The Importance of Routine

Routine

For a lot of people there is a certain amount of disdain for the routines of a well ordered life. They worry about feeling caught in a rut, or are bored when faced with doing the same things again and again, but they are missing some of the bigger picture. Do you have to be an automaton and forgo any plan that doesn’t directly fit into your routine? No. However, if you want to really get the most out of your training there is a certain amount of discipline involved. You don’t need to go crazy with your planning but there are some things that you should hold as non-negotiable parts of your daily plan, your routine.  The routine can take many shapes, and is not one size fits all. Some may need far more structure, others may need more of an outline to get things moving into the right direction. Either way, here are some things you should take into account when planning your routine.

Where to begin

The first thing I would look at when planning your routine is what time of day and days of the week you will be training. I think that it is important for you to choose a set schedule for your training days, and keep that schedule as constant as you can week to week. For instance if you train Monday-Thursday and Saturday, try to keep that Friday and Sunday as your rest days for the remainder of the cycle. It’s not the end of the world if you need to change things up, but your body will settle into the habit the more consistently you stick to a schedule and getting outside of that groove can feel a little odd. Personally I feel a bit off trying to train on a Sunday for instance.
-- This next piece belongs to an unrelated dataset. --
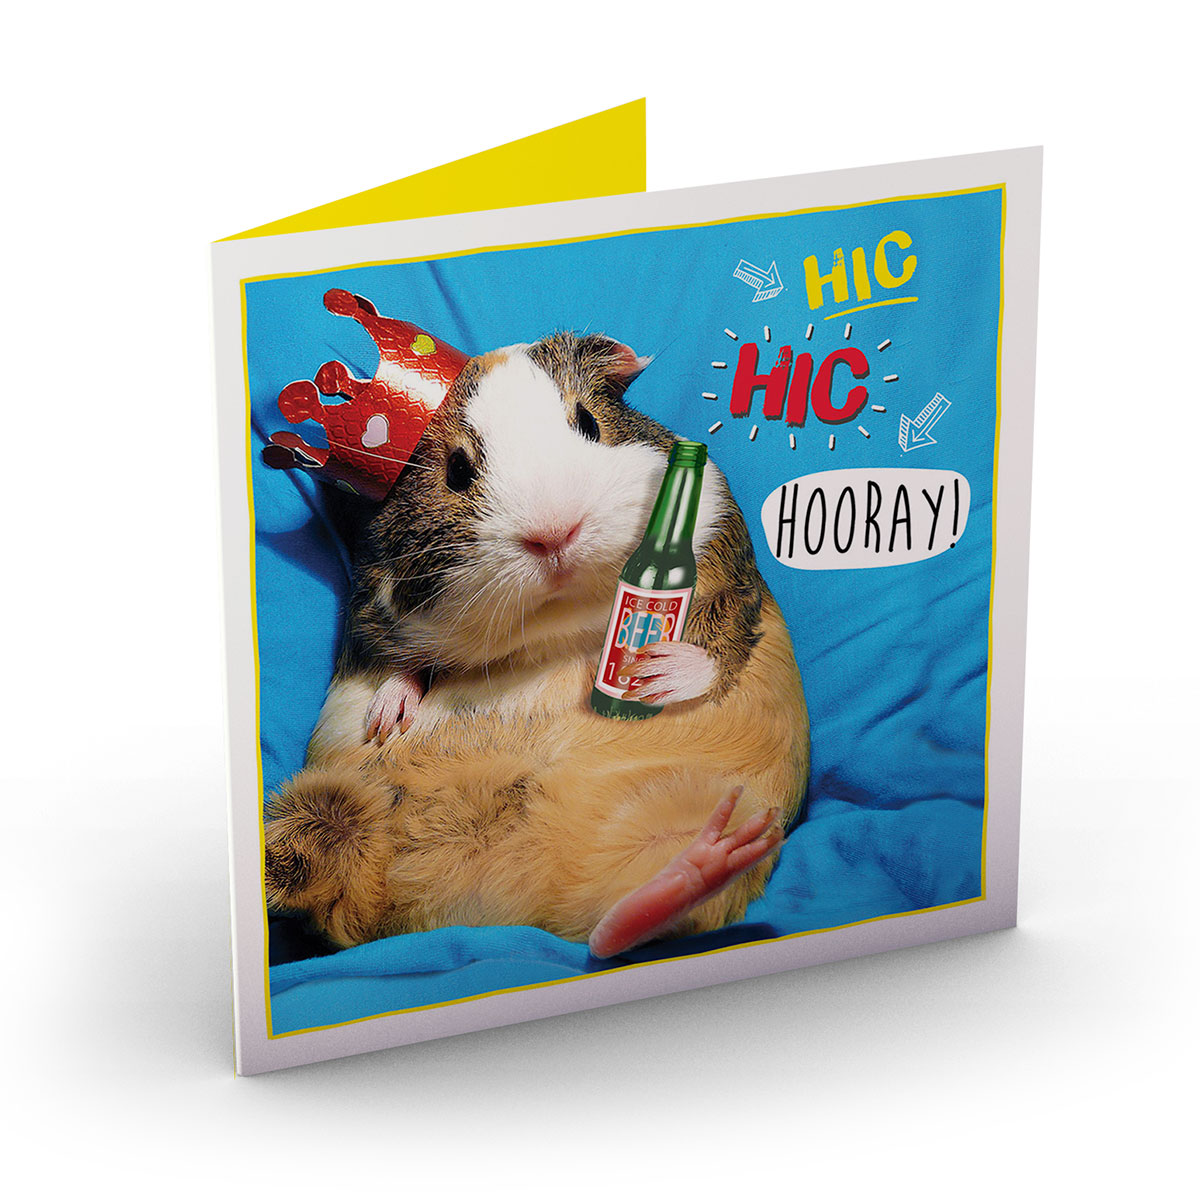 Personalised Card - Guinea Pig, Hic Hic Hooray

Time of day is also an important factor, generally speaking people tend to lift better in the late afternoon or evening, so this is when I would advise you to set up your training. The other important factor in time of day is the availability of your coach. If the coached practice is from 4pm-8pm, if you have any interest in getting feedback on what you are doing it would behoove you to train when coaching is available. And now you have a training schedule, from here we can move onto structuring things around it.  

Do you even job

Clearly, the second most important thing is going to be whatever it is that pays the bills while you do all of this weightlifting. Your job will and does impact your training, and that must be taken into account. If you work a swing shift, or spend most if not the whole day in a seated position, we have to take that into account when building up your routine. If you are working long hours and missing out on sleep it may be best for you to follow a three day per week program, to ensure that you are actually recovering from the training you are doing. If you spend all your time at work sitting or driving (me) you are going to need to budget some more time for warmup and mobility to make sure that you are actually getting into the proper positions when you are making your way through that days session. Everyone need not put their lifting at the absolute front of the priority list, but for those who wish to lift at the highest level there will come a time when it will be optimal to pick a job that works around your lifting schedule. If your job is robbing you of sleep, or is wearing down your body, you have to make the hard choice and make lifting the first priority.

Other things

Now that we know when we are training and working we can now piece together the rest of the daily routine. First and foremost, it is important to schedule your sleep in order to perform optimally in the gym and ya know, just not feel like garbage all the time. For strength athletes it is recommended that they sleep for eight to ten hours per night and never drop below seven, for optimal recovery. This means you have to go to bed, and early. Dial back the Netflix and catch up with your shows on the weekend, sleeping should be a priority. You’ll notice that with that nine hours of sleep, eight of work and two of training we have already eaten up much of the day. This is why it is important to prepare the majority of your meals ahead of time, make sure to have a meal before and after training, and that you are not leaving performance on the sidelines by under eating calories or protein. I may be biased, as I am woefully inflexible, but I believe it is important to do 20-30 minutes of flexibility work every day. I choose to do this before bed, but it can just as easily be performed directly following training. Stretching relaxes you, can help reduce injury risk, and is important if you would like to stay ambulatory as you age.  

Conclusion

I can see why people hate the routine, it can seem daunting and most of all boring. Nobody wants to be boring, but nobody wants to be weak either. The hours you spend in the gym are important, that is where you hone your skills in the lifts, and generate enough fatigue to induce an adaptation within the body. However, if the only thing you have down is making into the gym, and are not making sure that you have the rest of your schedule set up in a way to facilitate the recovery from your workouts you are shooting yourself in the foot. You do not have to lock yourself up, blow off all your friends and family, and become a meal prepping hermit. But if you want the most out of your training you may want to start turning down Wednesday night happy hour, and get to bed early. You may want to save some minutes by cooking ahead of time rather than making dinner every night, so you can have some time to stretch before bed. Make a schedule or an outline and try to stick with it, the more consistent this plan the more consistent your training will be. Weightlifting is hard, there is no need to make it harder by failing to plan.